ADD REPLY • link 8.7 years ago by steve ★ 3.5k

0

Entering edit mode

Thanks Tamir and Ryan for your suggestions.

Dear Pierre,

Thanks for your explanation. Yeah I have done that fastqc analysis, I am investigating these sections in the fastqc.html file for A section.

GC content
Sequence duplication levels
Overrepresented sequences

B section, working on it.

ADD REPLY • link updated 2.2 years ago by Ram 44k • written 9.2 years ago by nalandaatmi ▴ 110

0

Entering edit mode

Hi All,

For section B, I am planning to take a list of ribosomal RNA genes and align it with my sample reads using bowtie2 tool. I assume the overall alignment rate which bowtie2 outputs will be the percentage of reads matching ribosomal RNA genes. Am I correct?

ADD REPLY • link updated 2.2 years ago by Ram 44k • written 9.2 years ago by nalandaatmi ▴ 110

0

Entering edit mode

Open a new question. This is not a discssion forum but a Q&A. 1 Question + Answers, not 1 Question + Comments + Answers + more Questions.

ADD REPLY • link 9.2 years ago by Ido Tamir 5.2k

0

Entering edit mode

Apologies, I thought I am still following up with my section b of my first question. Hereafter, I will make it a separate query. Thanks for letting me know about it.

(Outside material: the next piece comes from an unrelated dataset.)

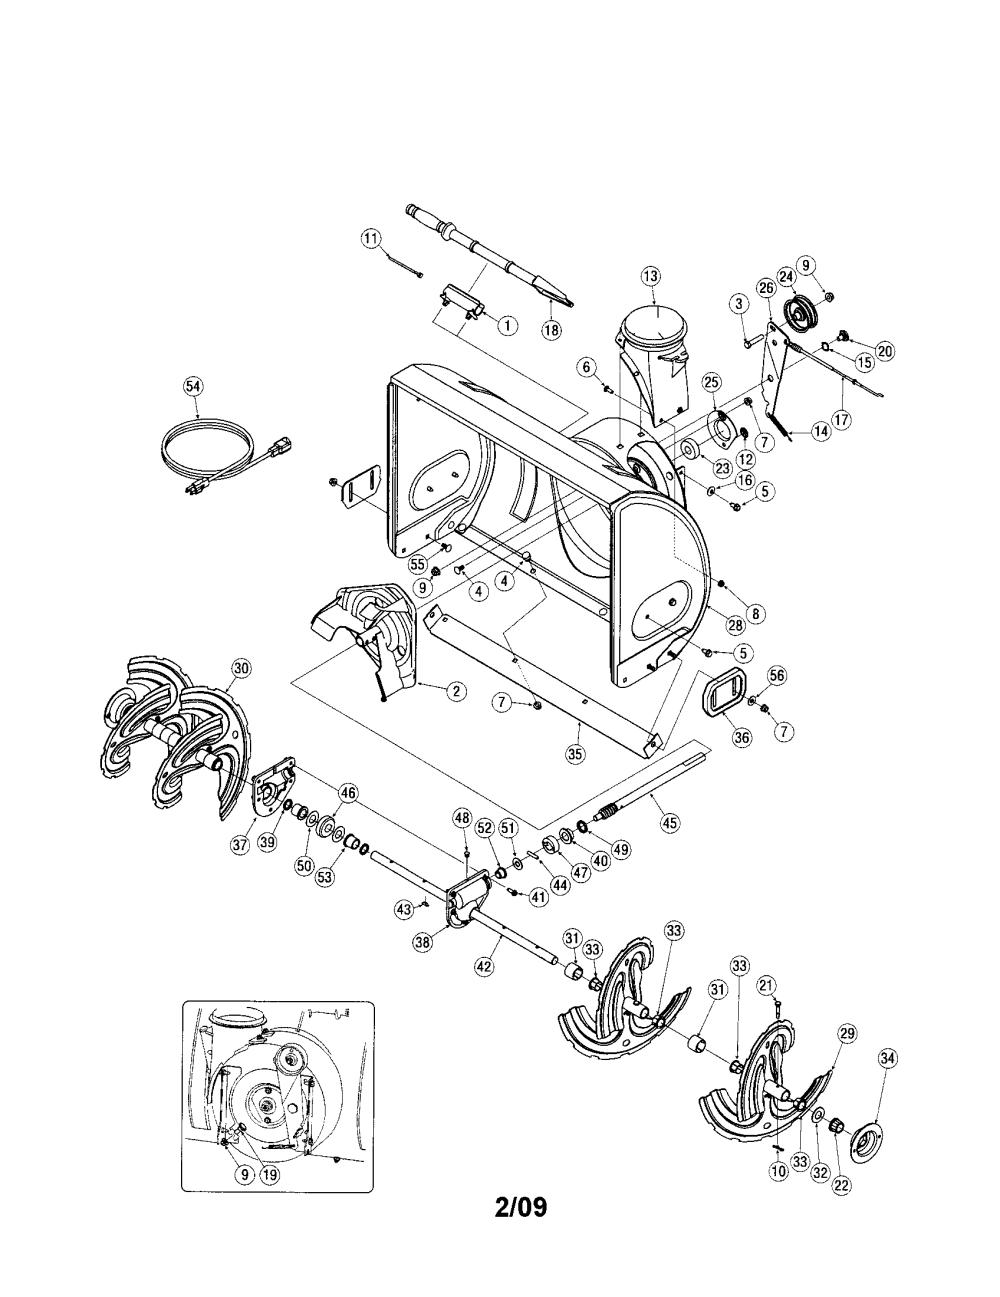 medium resolution of mtd snowblower wiring diagram schema wiring diagram mtd snowblower fuel system diagram
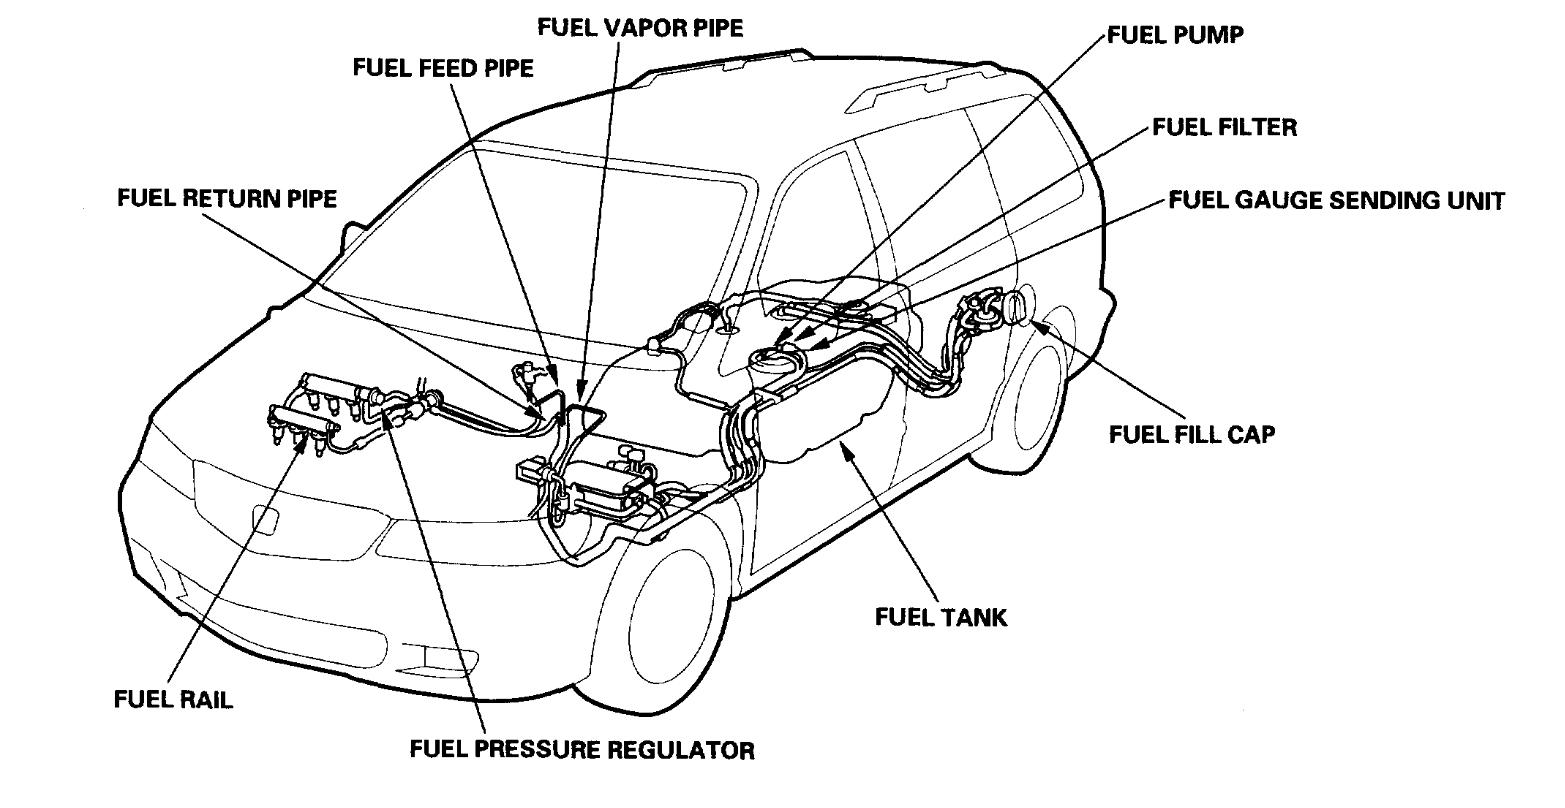 2002 Honda Accord Fuel Filter 2009 Honda Pilot Wiring Diagram For Wiring Diagram Schematics

ADD REPLY • link 9.2 years ago by nalandaatmi ▴ 110

score 0 · Answer 1 · 2015-09-16

This is a whole analysis pipeline that you need. For "A", fastqc http://www.bioinformatics.babraham.ac.uk/projects/fastqc/ can help. For "B", you have to deal with combinations of bash/python/perl scripting and you can get what you need.

Why is "A" important: this is obvious, you need to check the quality of your sequences before deriving any biological hypothesis based on them.

Why is "B" important: I guess the person seems to "know" what to expect and he/she needs to have some "controls". Why not.